INSTRUCTIONS FOR THE TASK | Transcribe the listing exactly, so that nothing but the pictures is missing.

SUPPLIED MATERIAL |
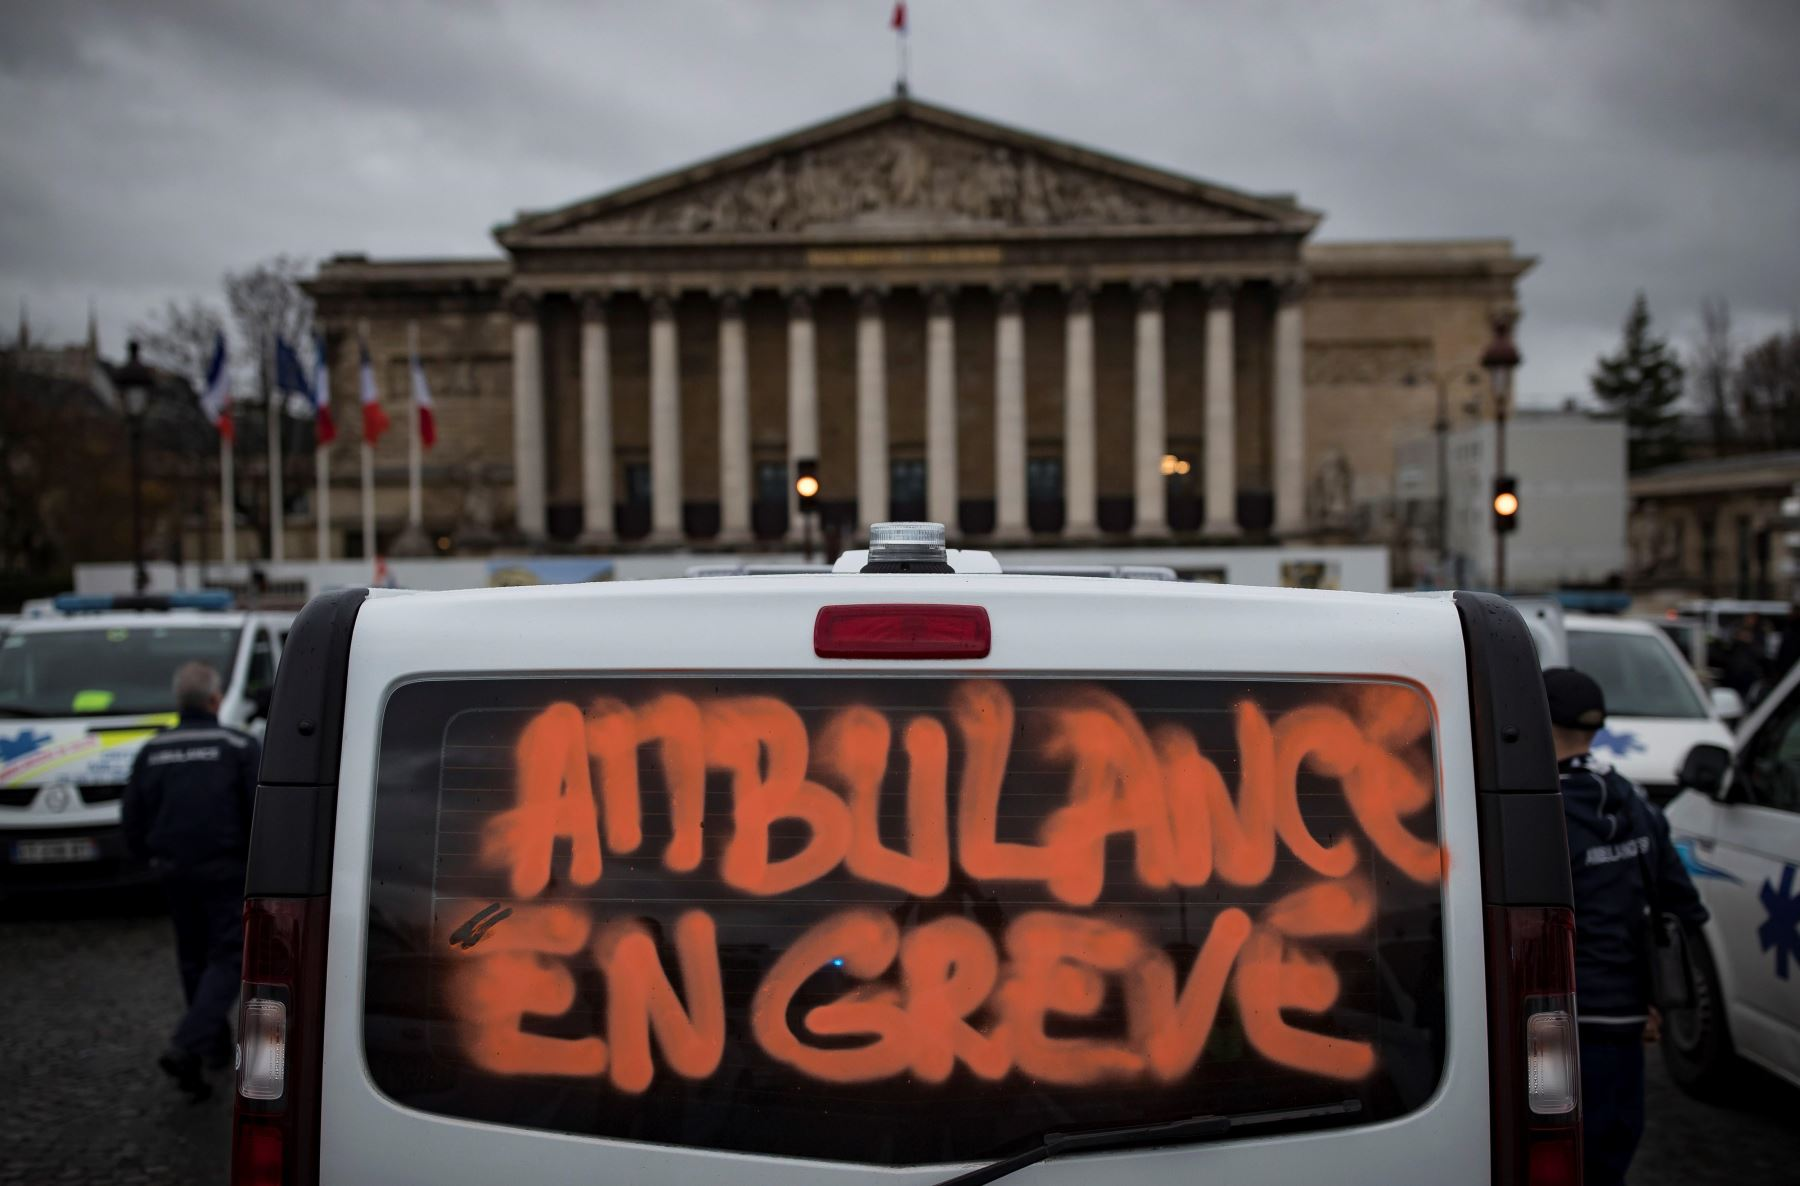 Ambulancias aparcadas en el puente de la de la Concorde durante la protesta a nivel Nacional de conductores de ambulancias, en ParÌs, Francia. Los manifestantes bloquearon el tráfico junto a la Asamblea Nacional para exigir la suspensión de una reforma del sistema de financiación de los transportes sanitarios. EFE
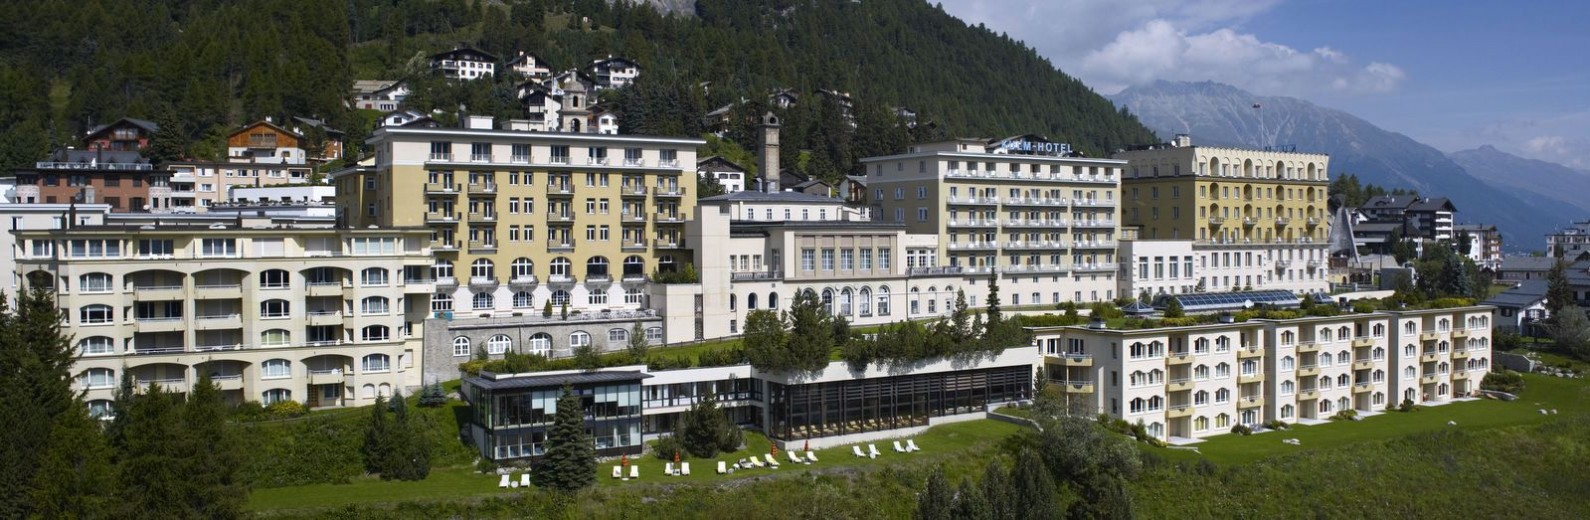 Kulm Hotel Summer Exterior
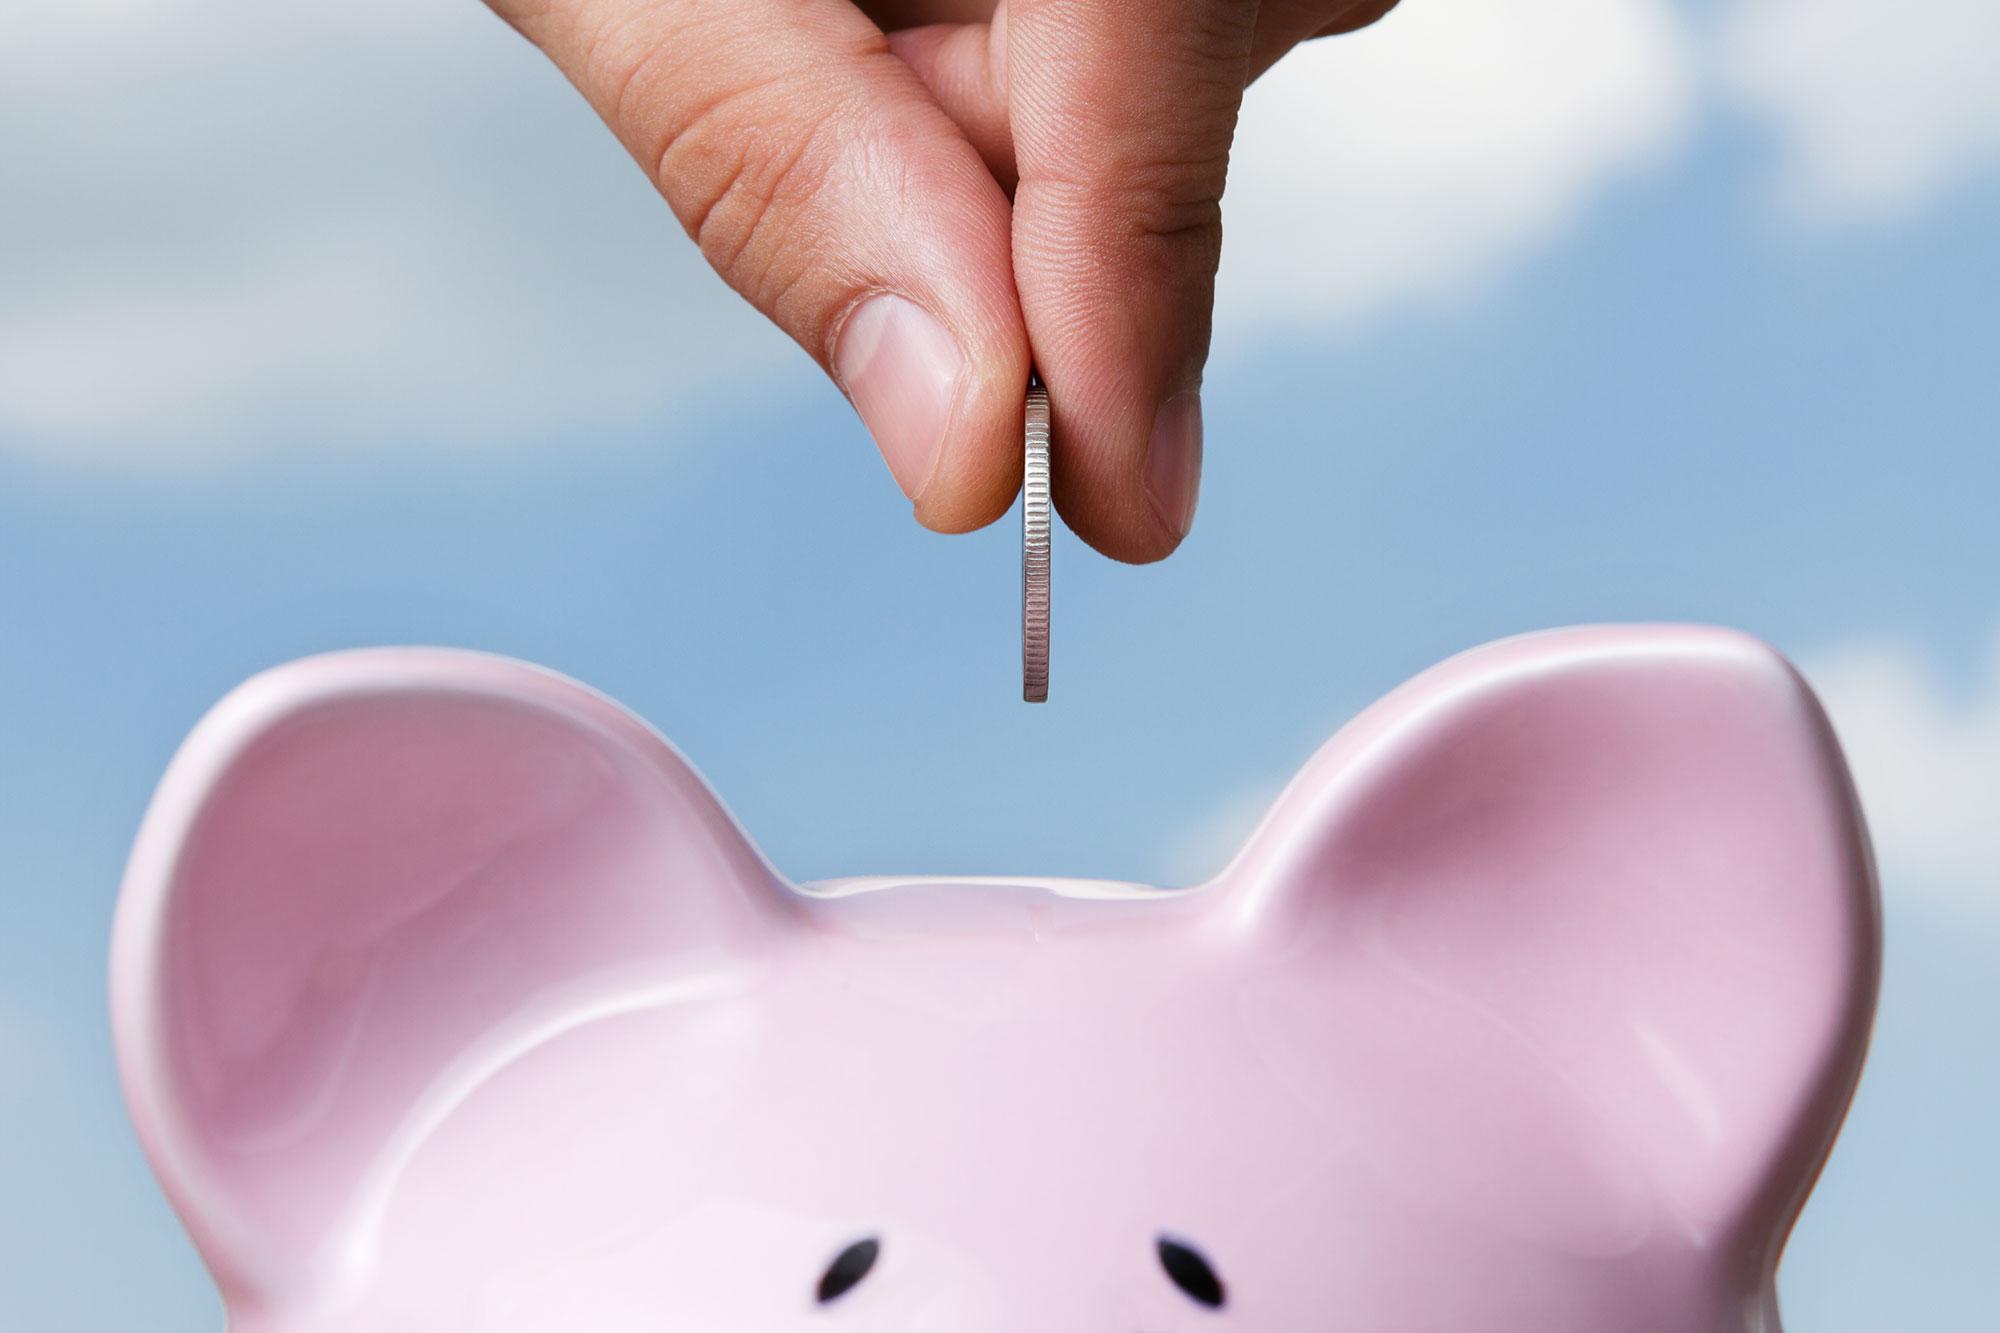 Un budget structuré, flexible et tourné vers l'essentiel

RESULT OF THE EXERCISE |
 Ambulancias aparcadas en el puente de la de la Concorde durante la protesta a nivel Nacional de conductores de ambulancias, en ParÌs, Francia. Los manifestantes bloquearon el tráfico junto a la Asamblea Nacional para exigir la suspensión de una reforma del sistema de financiación de los transportes sanitarios. EFE
 Kulm Hotel Summer Exterior
 Un budget structuré, flexible et tourné vers l'essentiel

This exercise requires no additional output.